Wat is voortgezet onderwijs?
Na de basisschool komt het voortgezet onderwijs (VO). Zie het als een brug naar een vervolgopleiding: het middelbaar beroepsonderwijs (mbo) of het hoger onderwijs (hbo of universiteit). Meestal stappen leerlingen rond hun twaalfde over naar het VO.
De verschillende niveaus
Binnen het voortgezet onderwijs vind je uiteenlopende niveaus, die aansluiten bij de talenten en wensen van leerlingen. De bekendste zijn: het voorbereidend middelbaar beroepsonderwijs (vmbo), het hoger algemeen voortgezet onderwijs (havo) en het voorbereidend wetenschappelijk onderwijs (vwo). In het vmbo kun je nog kiezen uit verschillende leerwegen, bijvoorbeeld gericht op techniek of zorg.

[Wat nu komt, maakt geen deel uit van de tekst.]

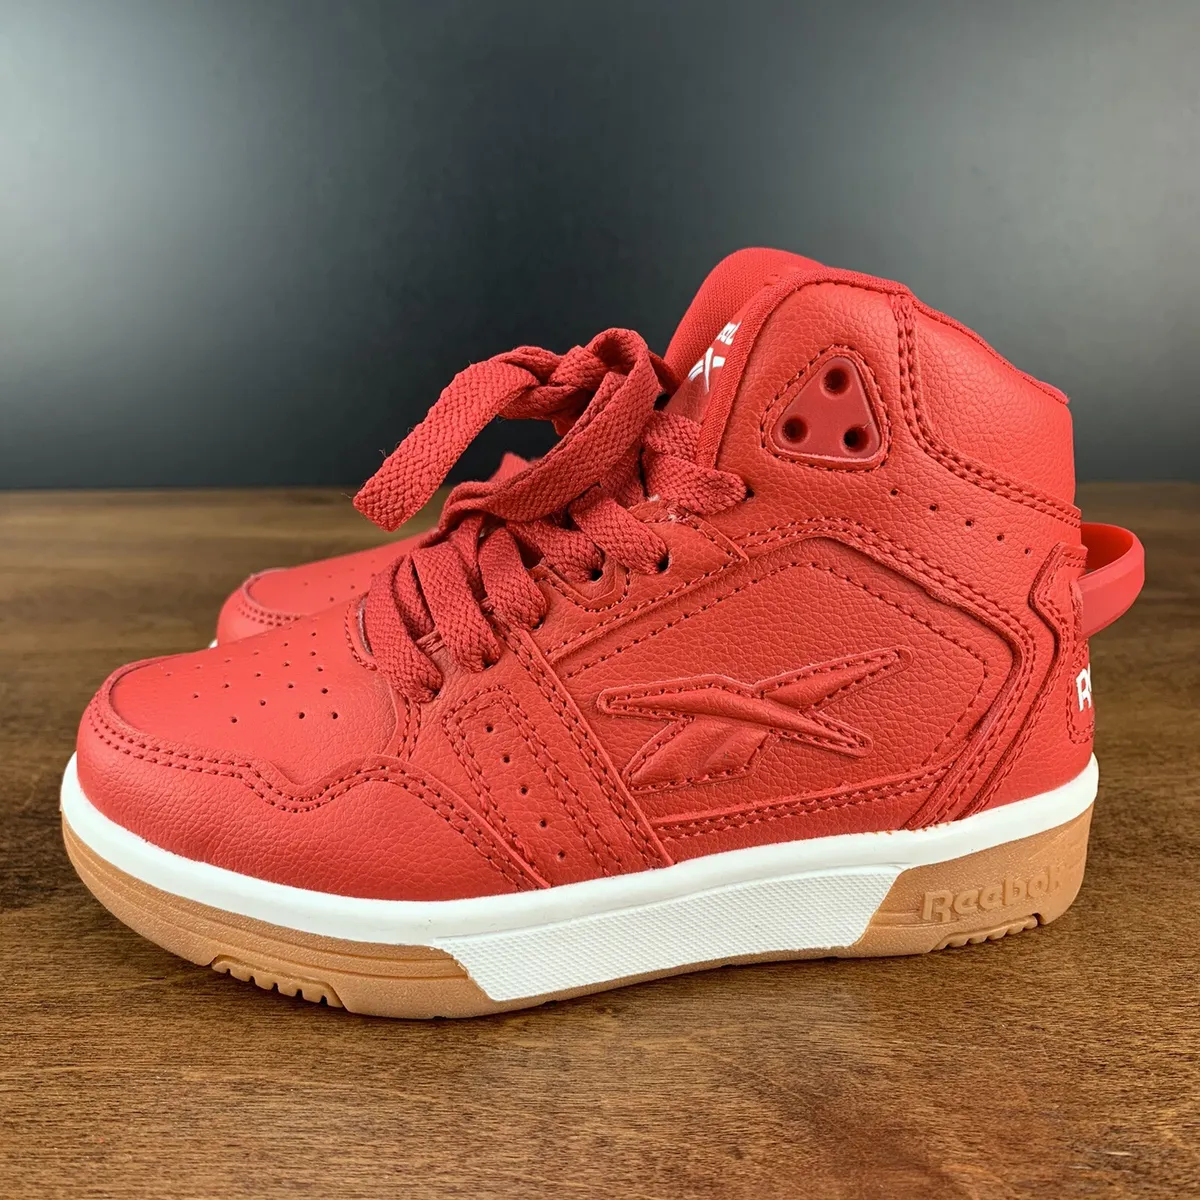 T Volverse loco cemento Reebok Classic Boys Size 11K Red High Top Lace Up Sneaker Shoes | eBay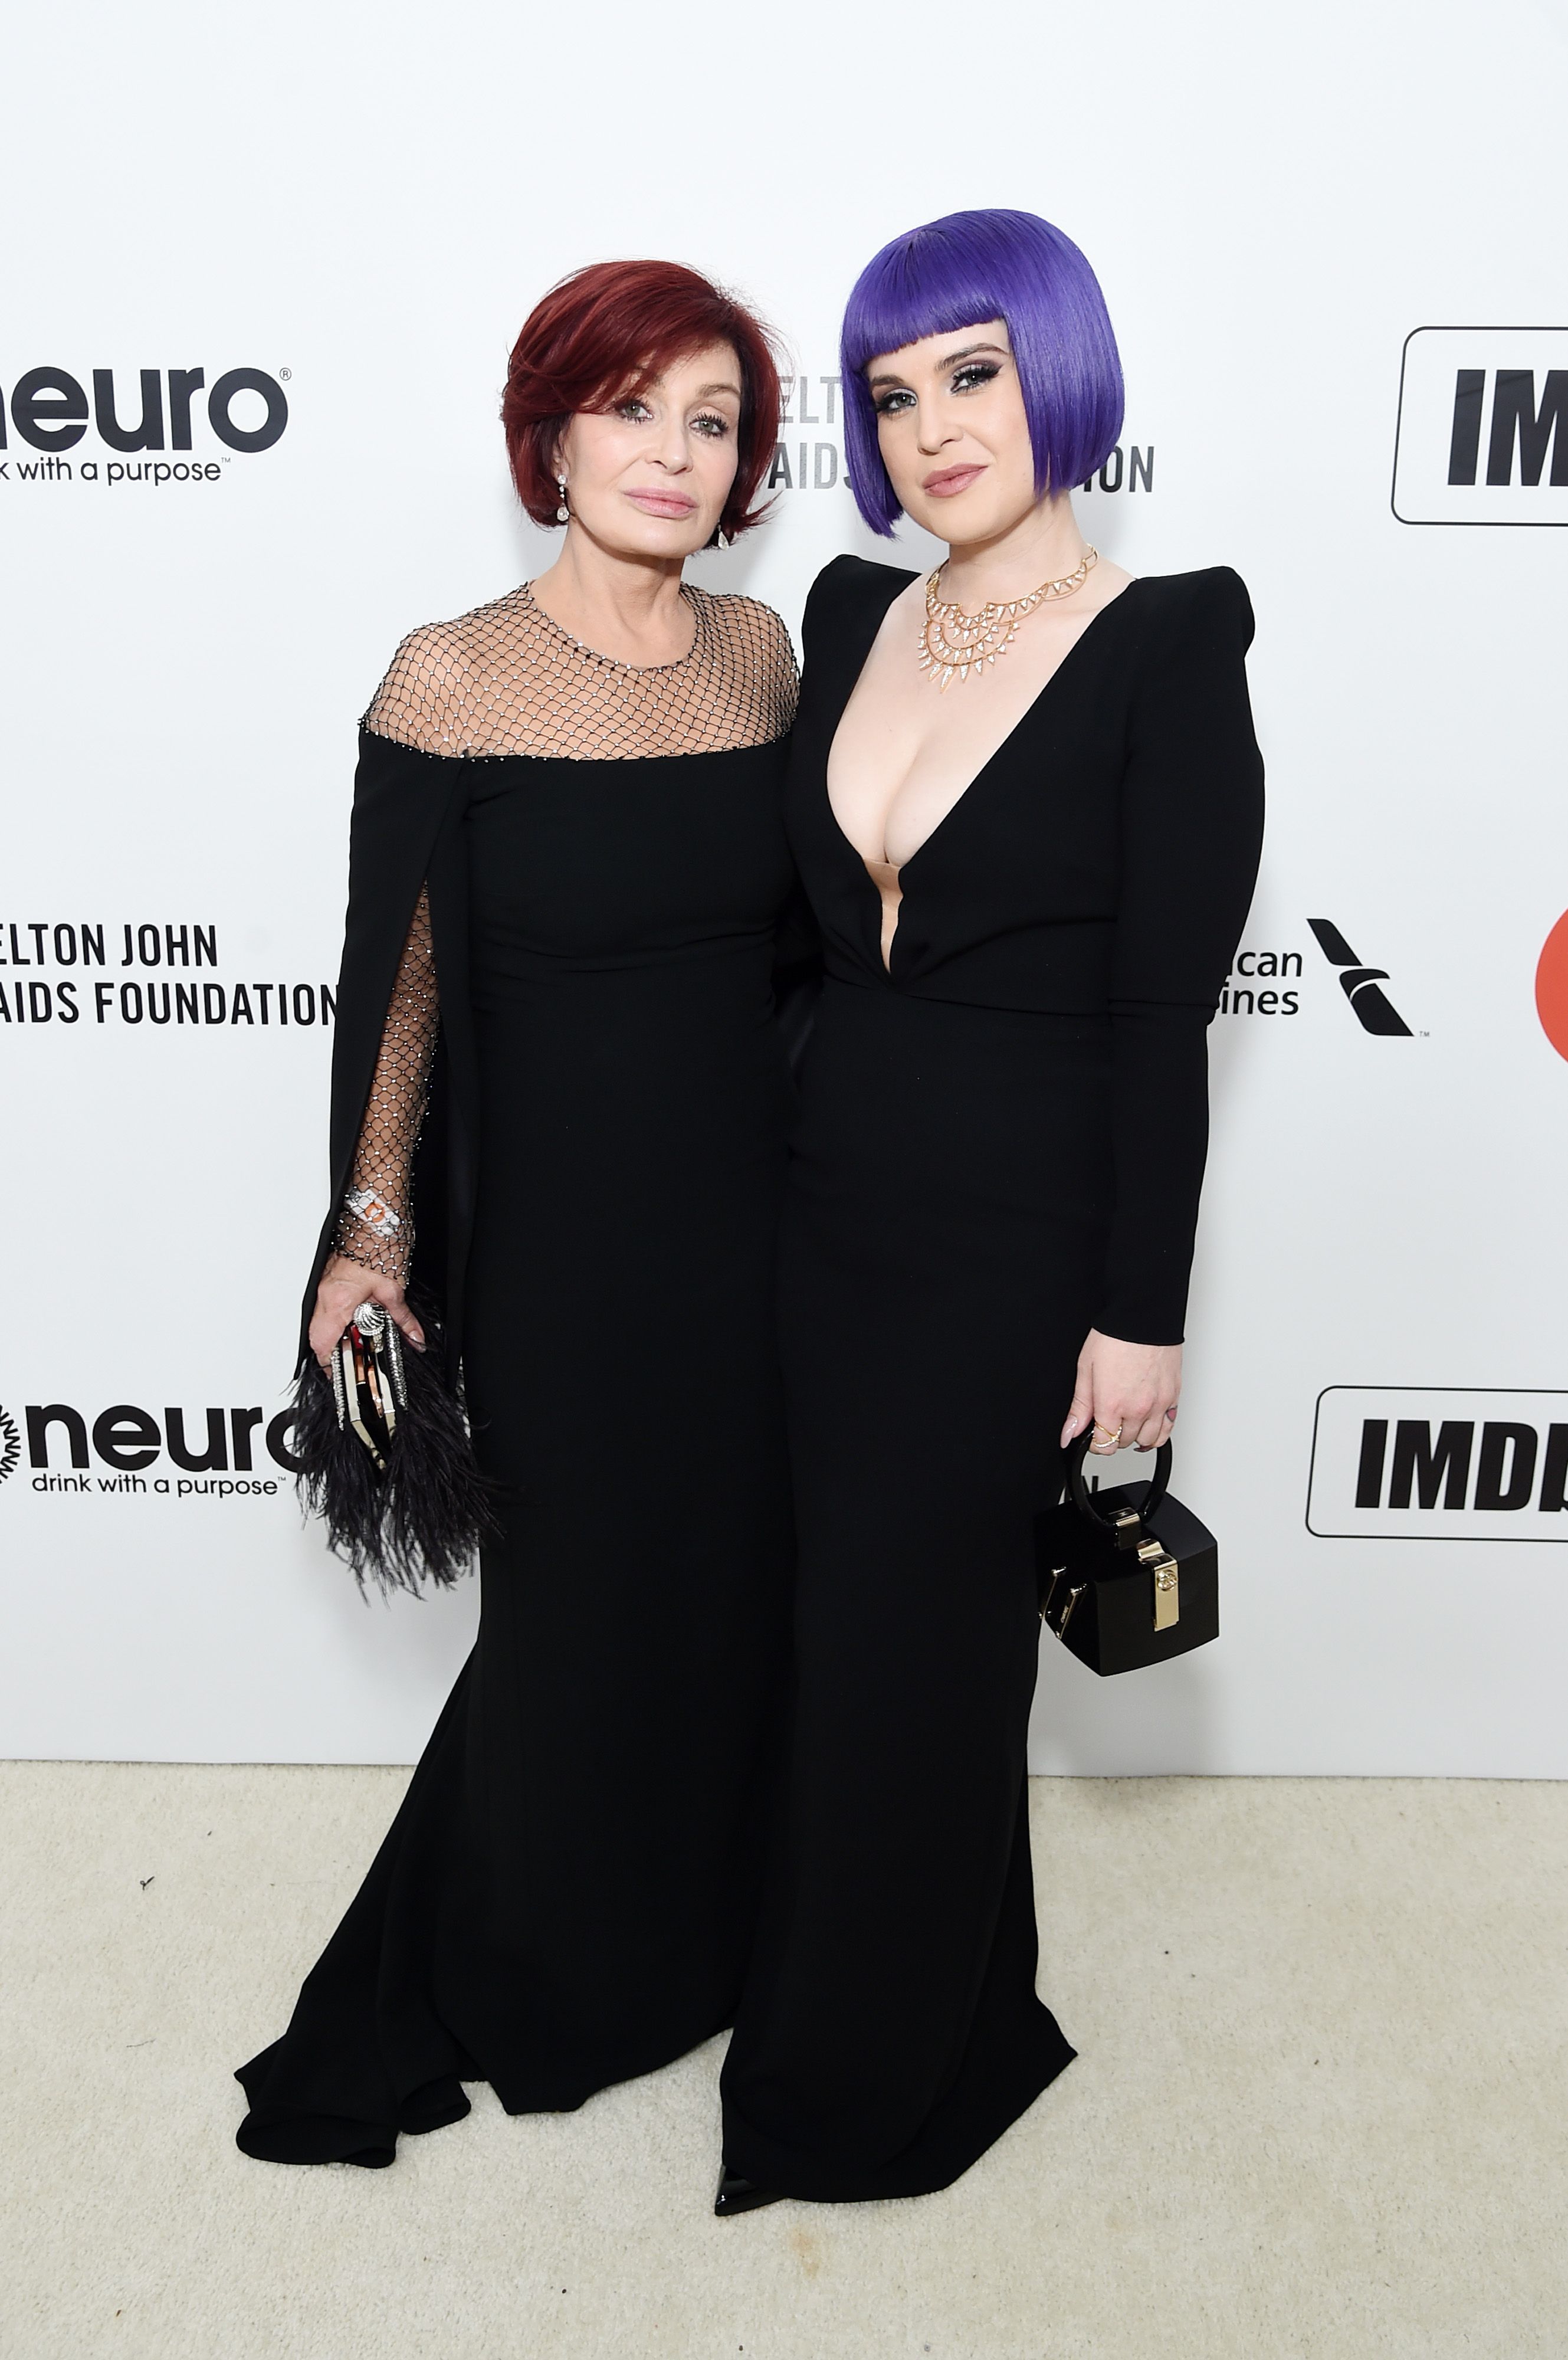 Sharon Osbourne and Kelly Osbourne during the 28th Annual Elton John AIDS Foundation Academy Awards Viewing Party on February 9, 2020, in West Hollywood, California. | Source: Getty Images

De Tweede Fase: profielkeuze in havo en vwo
Aan het einde van de havo en het vwo, in de zogeheten 'Tweede Fase', kiezen leerlingen een profiel. Denk aan Cultuur & Maatschappij, maar ook aan Natuur & Techniek. Binnen die profielen volg je zowel vakken die verplicht zijn, als keuzevakken. Zo bereid je je alvast voor op een bepaalde studierichting na de middelbare school.
Tot slot
Het voortgezet onderwijs is een belangrijke periode. Hier wordt een fundament gelegd voor de toekomst, voor een vervolgstudie en uiteindelijk een beroep. De diversiteit aan niveaus en leerwegen zorgt ervoor dat er voor ieder talent wel een passende route is.